What are the reasons why Wirral Council plan to consult on closing Lyndale School?

What are the reasons why Wirral Council plan to consult on closing Lyndale School?

 

What’s interesting is how Julia Hassall’s (Wirral Council’s Director of Children’s Services) reasons to consult on the closure of Lyndale School have changed over time.

http://www.youtube.com/watch?v=Pxt7NLR2biU#t=13m46s
Julia Hassall addresses the Cabinet (16th January 2014). What’s quoted below starts at 13:46.

Julia Hassall said to Cabinet, “The reasons for considering consulting on closure of the school are set out in paragraph 2.4 of the report. Closure of the school is being proposed for consideration because the viability of the school is compromised by its small size and falling roll which does contribute to a difficult financial position.”

http://www.youtube.com/watch?v=8_QKYyKwJkQ#t=2m05s
Julia Hassall talks to the Coordinating Committee meeting of the 27th February who were reviewing the Cabinet’s decision starting at 2:05.

Julia Hassall said to the Coordinating Committee, “The report that was presented to Cabinet on the 16th January was seeking approval to consult on the closure of Lyndale School.
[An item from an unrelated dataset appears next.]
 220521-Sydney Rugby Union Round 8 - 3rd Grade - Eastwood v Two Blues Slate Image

The report set out the background saying that local authorities have a statutory duty to make sure that there are sufficient places in their area and there’s fair access to educational opportunity to promote every child’s potential.

The reasons why in the report we’re considering the closure of the school is because of the viability of the school was compromised because of its small size and falling roll which both contribute to a difficult financial position and I think as you said Chair [Cllr Steve Foulkes] earlier, this is not in any way because of the standard of care and education within the school which is good and in many aspects outstanding.”
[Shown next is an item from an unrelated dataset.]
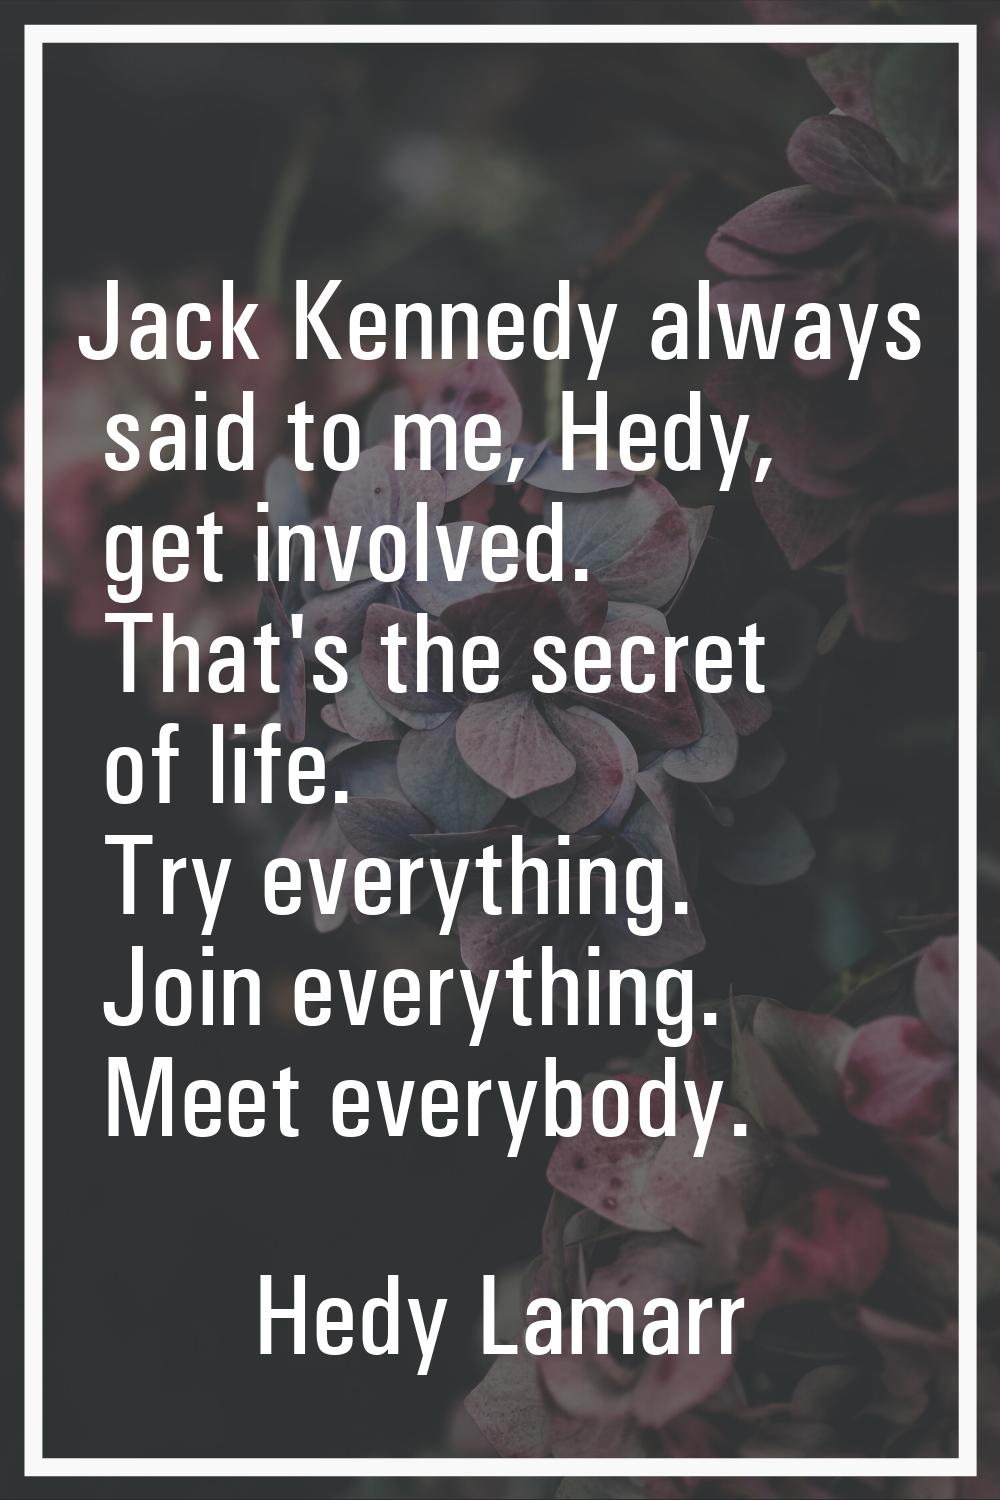 Jack Kennedy always said to me, Hedy, get involved. That's the secret of life. Try everything. Join

Interview (BBC regional news) 18th March 2014

In an interview Julia Hassall said, “The quality of care and education is really good at this school but there are concerns about whether we can sustain this school going forward” (source interview (ITV regional news) 20th March 2014).

However two days later she seemingly has a complete volte-face on funding or financial reasons being the reason for consulting on closing Lyndale.
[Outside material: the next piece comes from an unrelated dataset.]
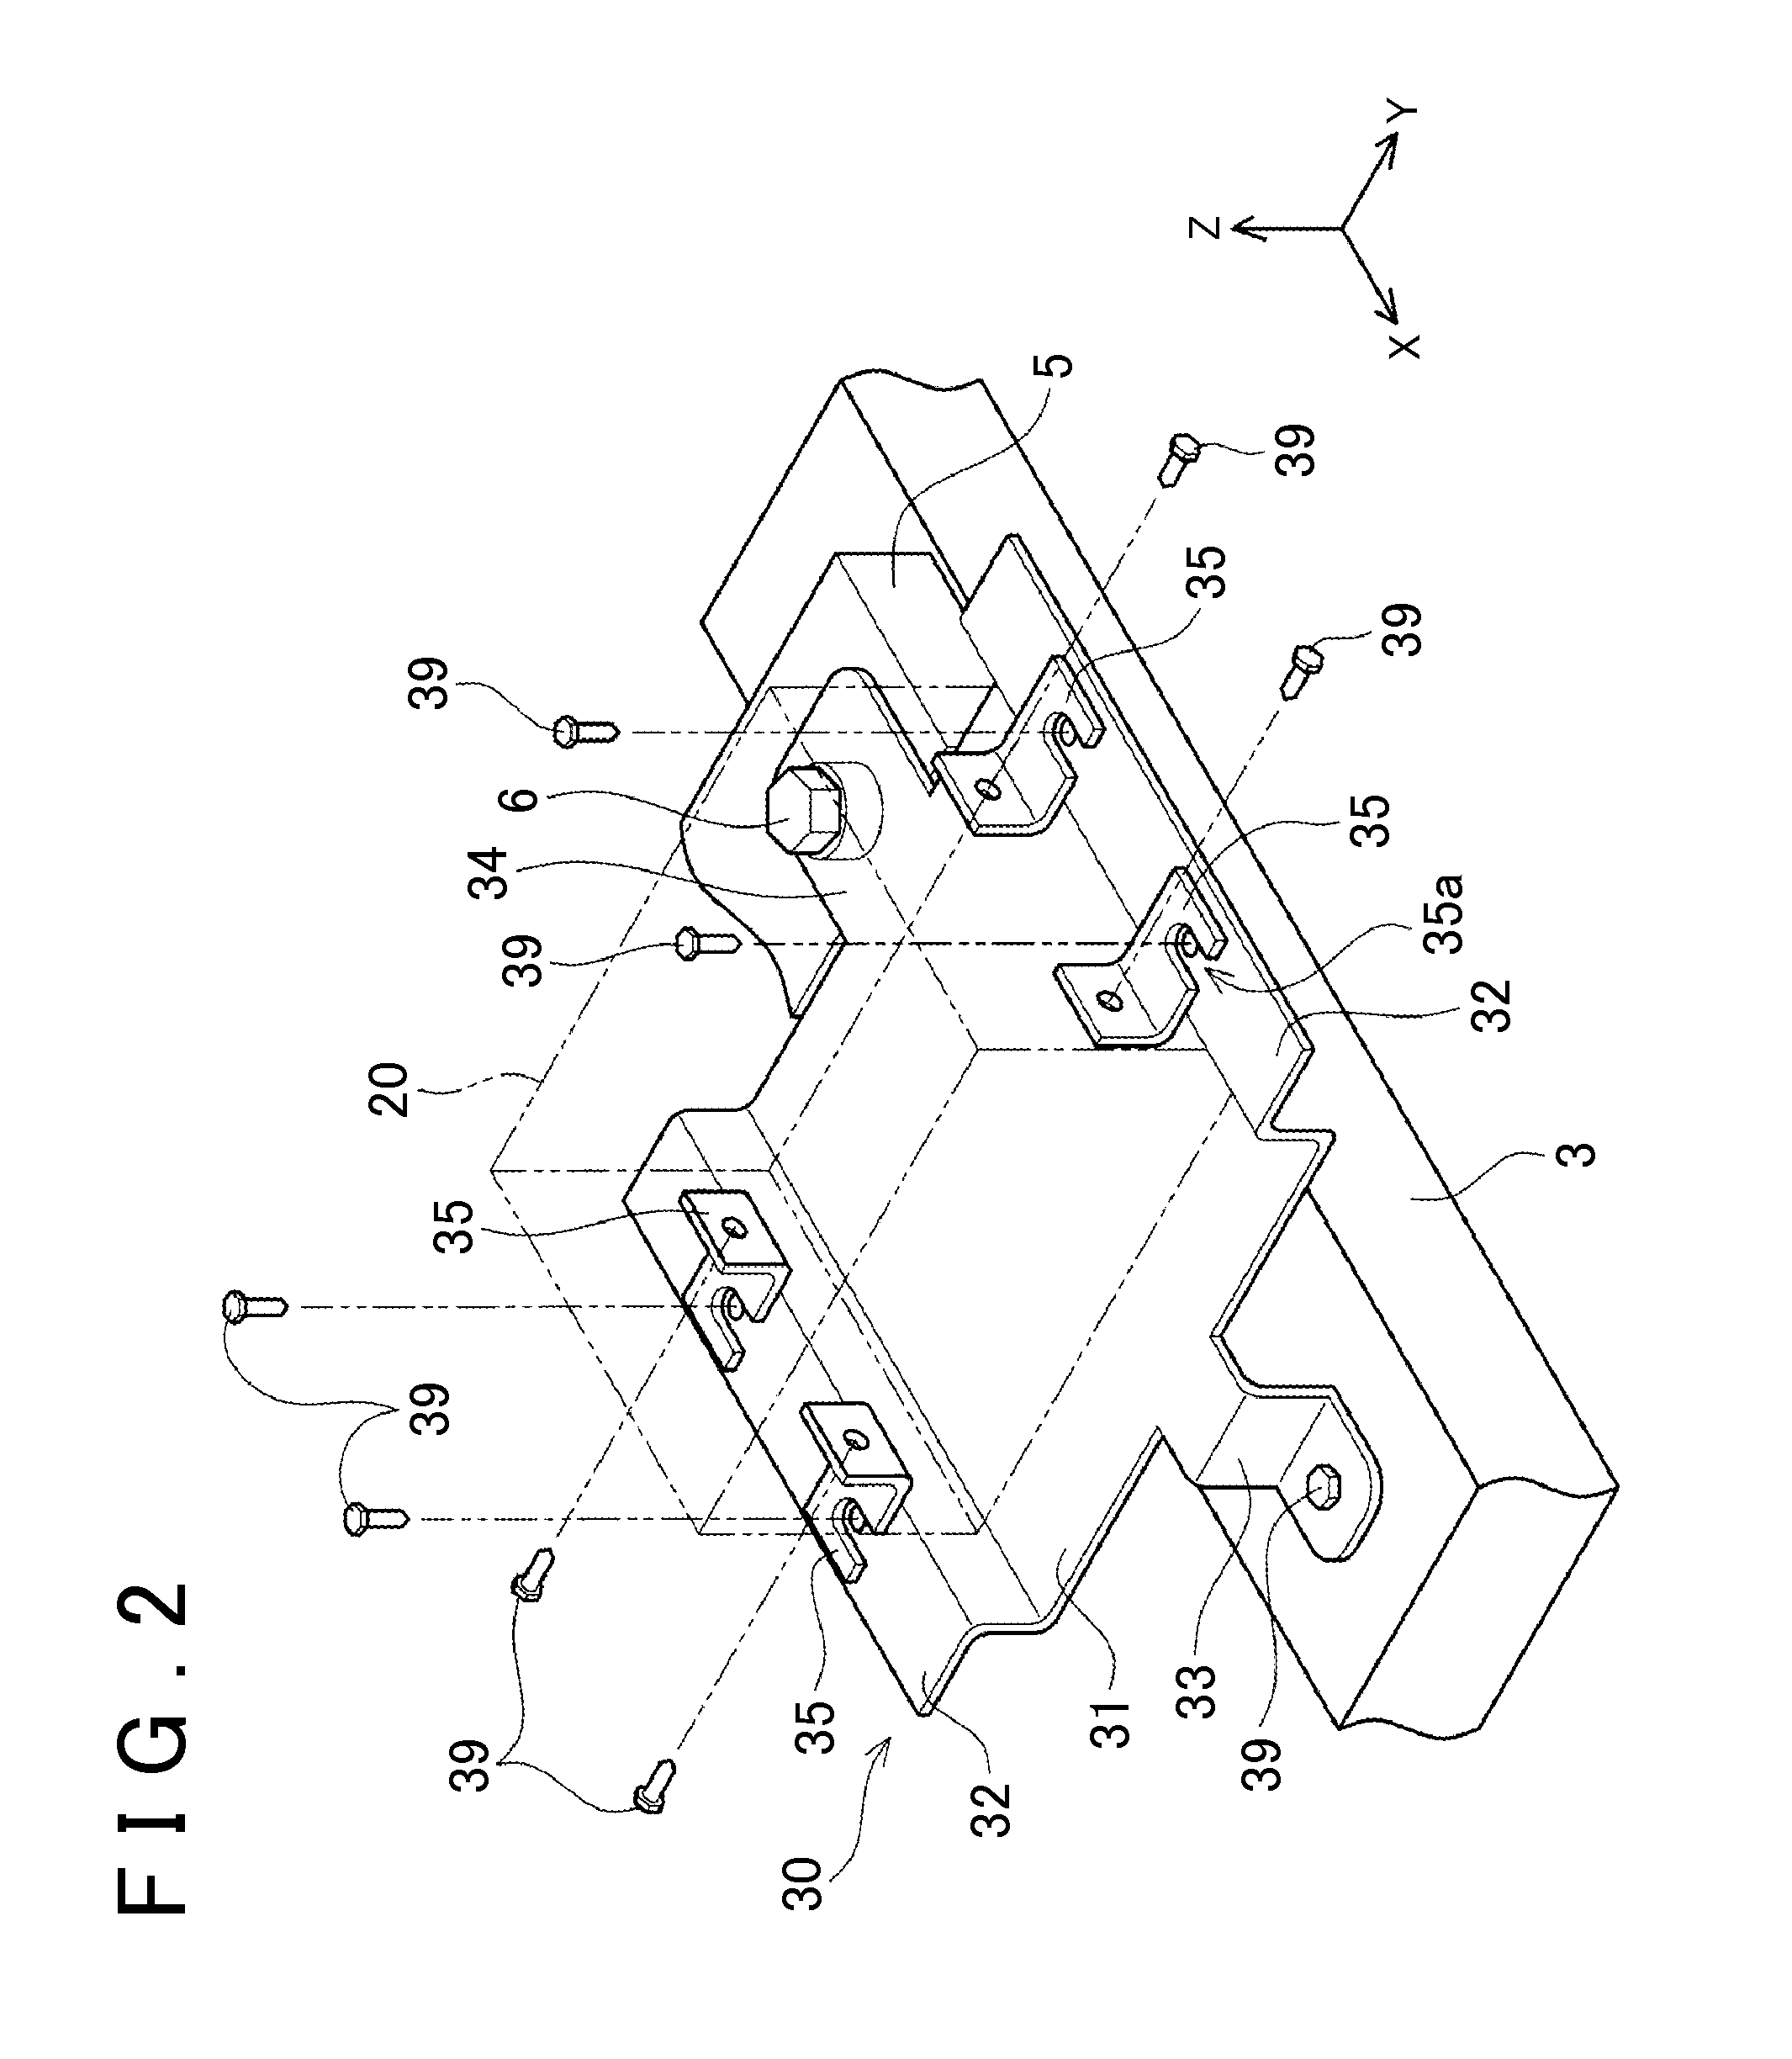 Fixing structure of electric apparatus to vehicle

Interviewer: This is all about saving money for the Council, isn’t it?
Julia Hassall: It’s absolutely not about saving money for the Council or balancing the Council’s books.
Voiceover: Julia Hassall is Wirral Council’s Director of Children’s Services.
Julia Hassall: If, and it’s very much if Lyndale School closes, the Council does not benefit in any way.
Voiceover: The Council also say that Lyndale children would be well looked after if they had to move to another school.
Julia Hassall: Both of the other schools could care adequately for these children and educate them properly. They’ll need to make some changes and adjustments. We absolutely will not put these children in settings where their needs are not properly met.
Voiceover: A consultation on the future of Lyndale School will start next month, the Council say they are minded to shut it down. The parents will continue their campaign to keep it open.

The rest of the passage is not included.